His surname is derived from an incident in which, according to the Babylonian Talmud, his prayer for rain was miraculously answered. On one occasion, when God did not send rain well into the winter (in Israel, it rains mainly in the winter), Honi drew a circle in the dust, stood inside it, and informed God that he would not move until it rained. When it began to drizzle, Honi told God that he was not satisfied and expected more rain; it then began to pour. He explained that he wanted a calm rain, at which point the rain calmed to a normal rain.

He was almost put into herem (excommunication) for the above incident in which he showed "dishonor" to God, as if he had imposed himself upon God. However, Simeon ben Shetach, the brother of Salome Alexandra, queen regnant of Hasmonean Judah, excused him, saying that Honi had a special relationship with God.

Two variations of this story appear in the Talmud, in Taanit 19a and 23a.

== Extended sleep story ==

Two variations of a story are recorded—in the Babylonian and Jerusalem Talmuds—in which Honi fell asleep for decades before awakening. The story provides a Jewish version on the theme of a person or persons (as the Seven Sleepers) sleeping for many decades and waking to find a changed world—a theme originating in the story of Epimenides—found in many divergent cultures and traditions, and in modern times associated especially with the Rip Van Winkle story.

===In the Babylonian Talmud (Carob tree story)===
The Babylonian Talmud tells the following story, in which Honi slept for 70 years, before awaking and then dying:

Rabbi Yohanan said: "This righteous man Honi was troubled throughout the whole of his life concerning the meaning of the verse, 'A Song of Ascents: When the Lord brought back those that returned to Zion, we were like dreamers' (Psalms 126:1). [Honi asked] Is it possible for seventy years to be like a dream? How could anyone sleep for seventy years?"

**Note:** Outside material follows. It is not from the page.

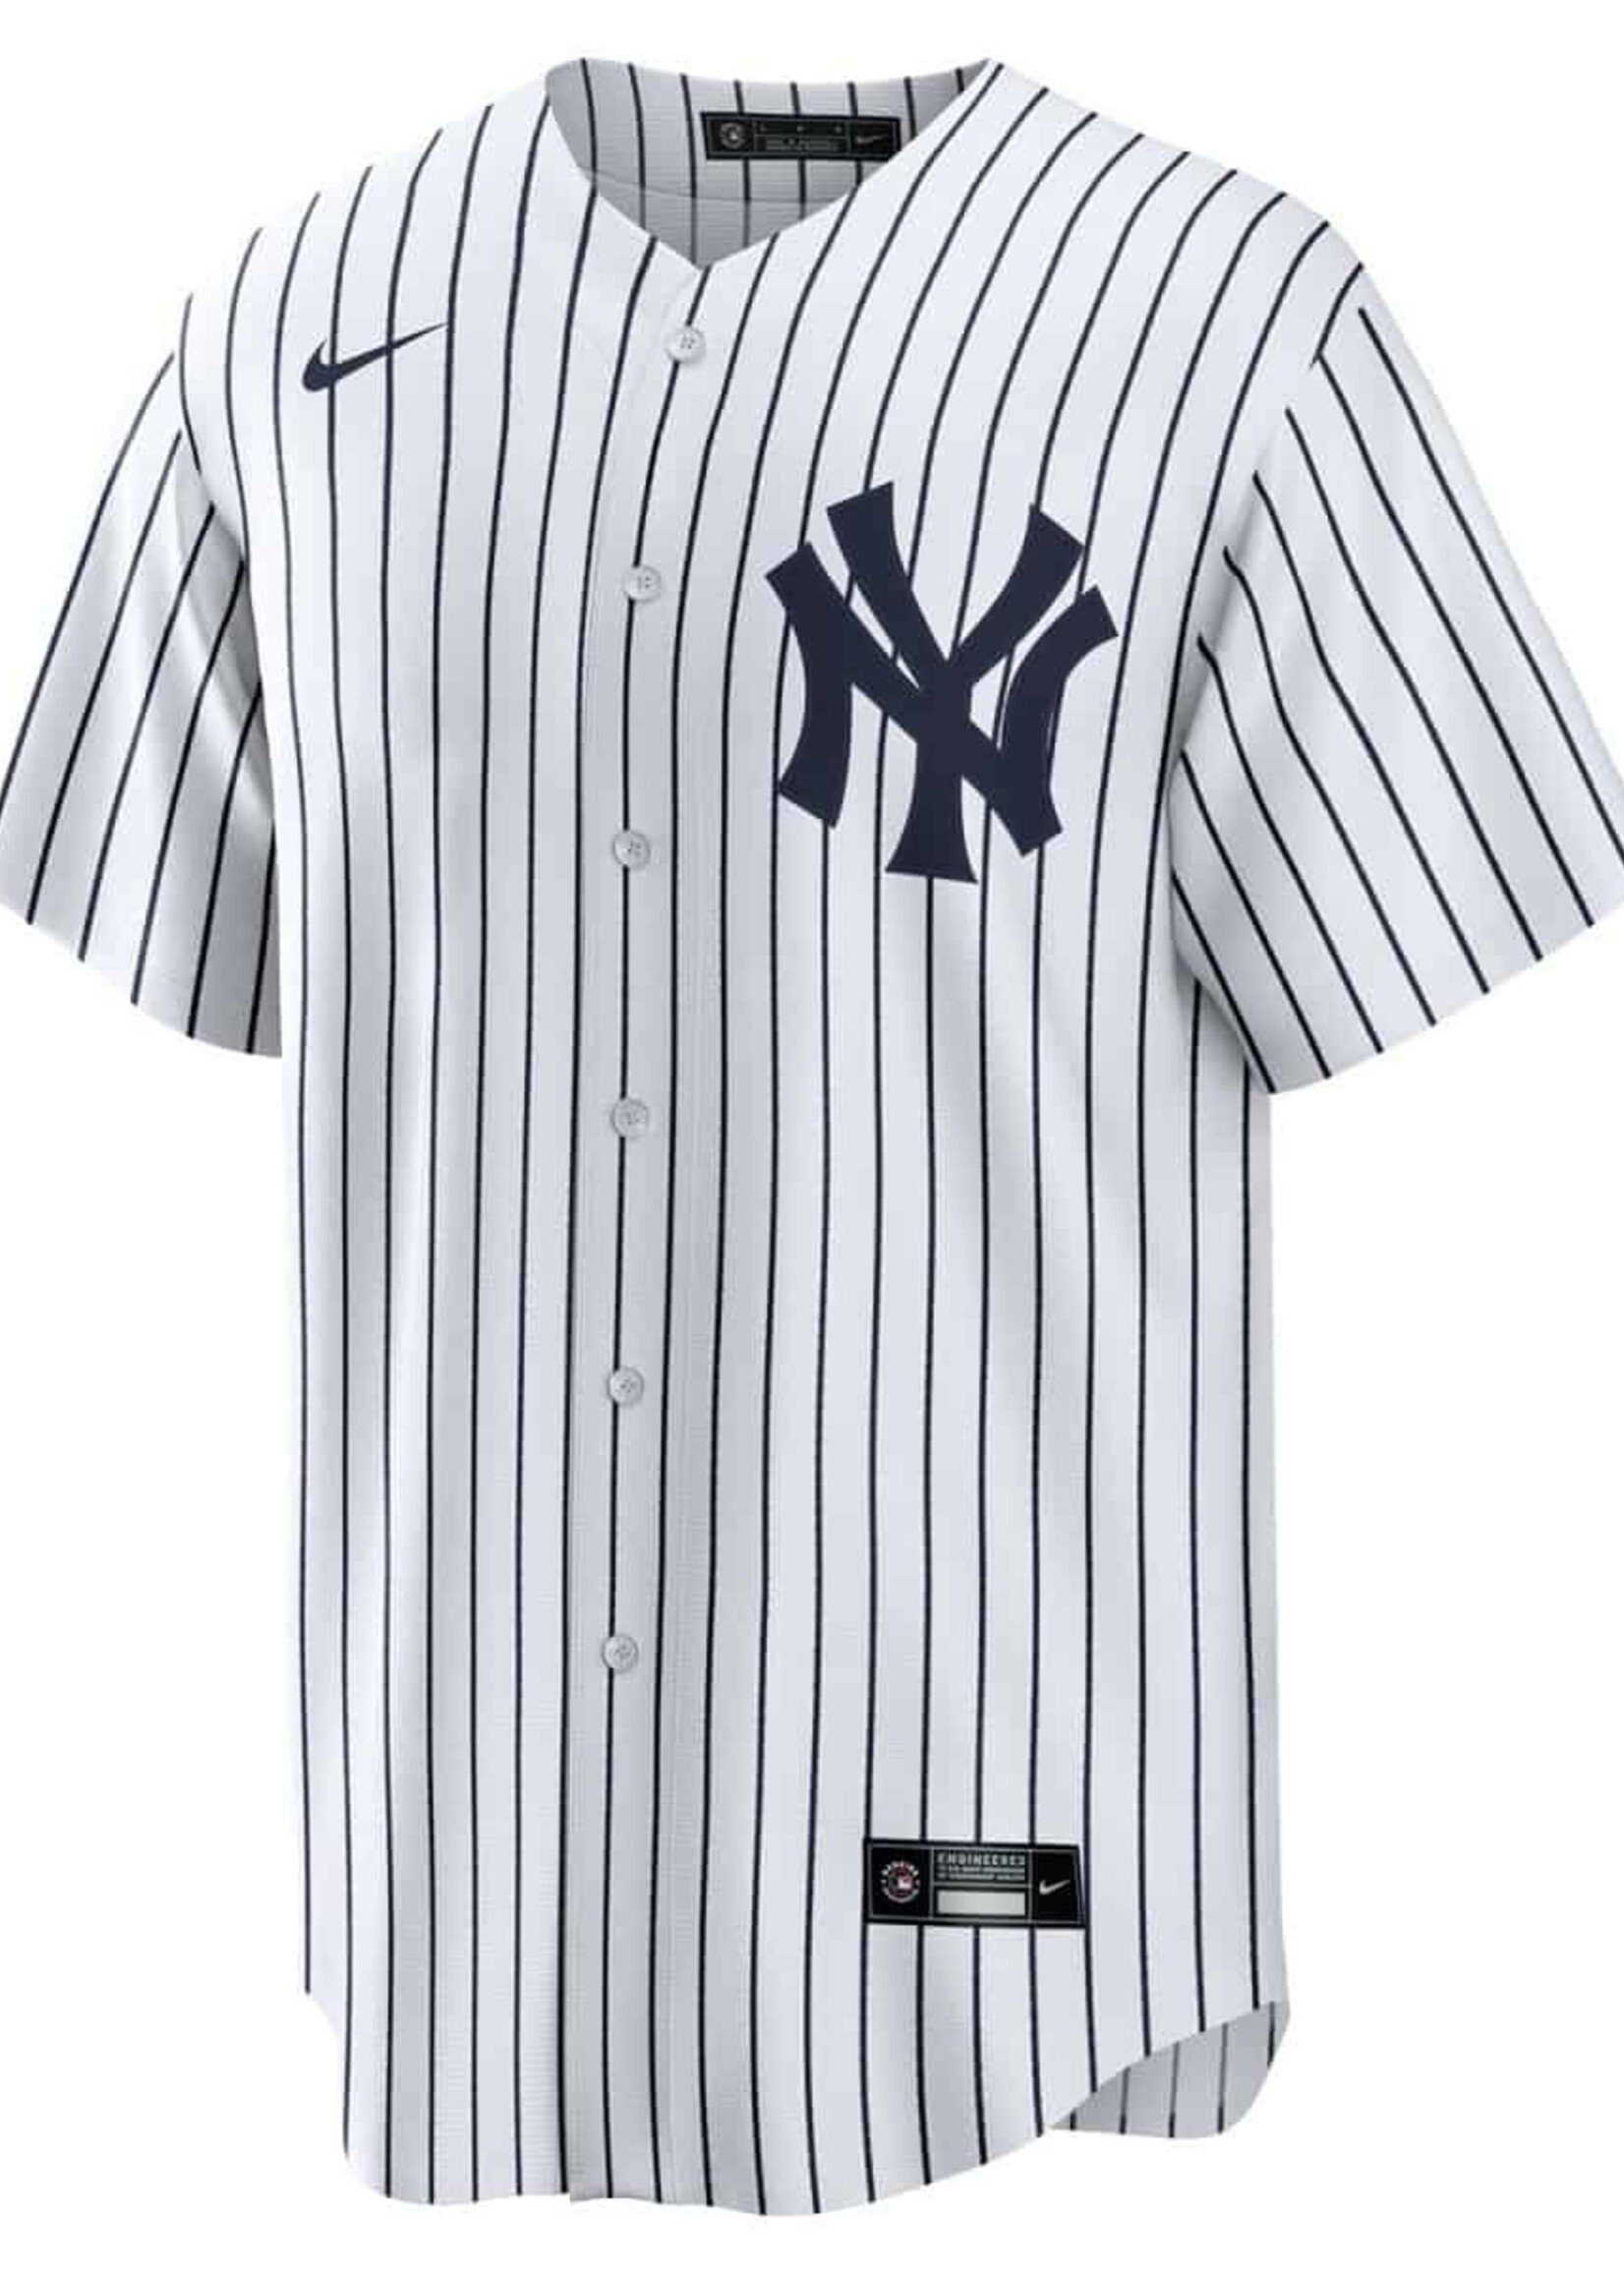 Nike New York Yankees Official Replica Home Jersey

One day Honi was journeying on the road and he saw a man planting a carob tree. He asked, "How long does it take for this tree to bear fruit?" The man replied: "Seventy years." Honi then further asked him: "Are you certain that you will live another seventy years?" The man replied: "I found already grown carob trees in the world; as my forefathers planted those for me, so I too plant these for my children."

Honi sat down to have a meal and sleep overcame him. As he slept a rocky formation enclosed upon him which hid him from sight and he slept for seventy years. When he awoke he saw a man gathering the fruit of the carob tree and Honi asked him, "Are you the man who planted the tree?" The man replied: "I am his grandson." Thereupon Honi exclaimed: "It is clear that I have slept for seventy years." He then caught sight of his ass which had given birth to several generations of mules, and he returned home. There he inquired, "Is the son of Honi the Circle-Drawer still alive?" The people answered him, "His son is no more, but his grandson is still living." Thereupon he said to them: "I am Honi the Circle-Drawer," but no one would believe him.

He then repaired to the beit hamidrash study hall and there he overheard the scholars say, "The law is as clear to us as in the days of Honi the Circle-Drawer," for whenever he came to the beit hamidrash he would settle for the scholars any difficulty that they had. Whereupon he called out, "I am he!" But the scholars would not believe him nor did they give him the honor due to him. This hurt him greatly and he prayed for mercy, and he died. Raba said: "Hence the saying, 'Either companionship or death.'"

===Descendants===
The Babylonian Talmud Taanit 23b:8 refers to Honi as the maternal grandfather of Hanan ha-Nehba. The Babylonian Talmud Taanit.23a.18 says Abba Hilkiah is the paternal grandson of Honi.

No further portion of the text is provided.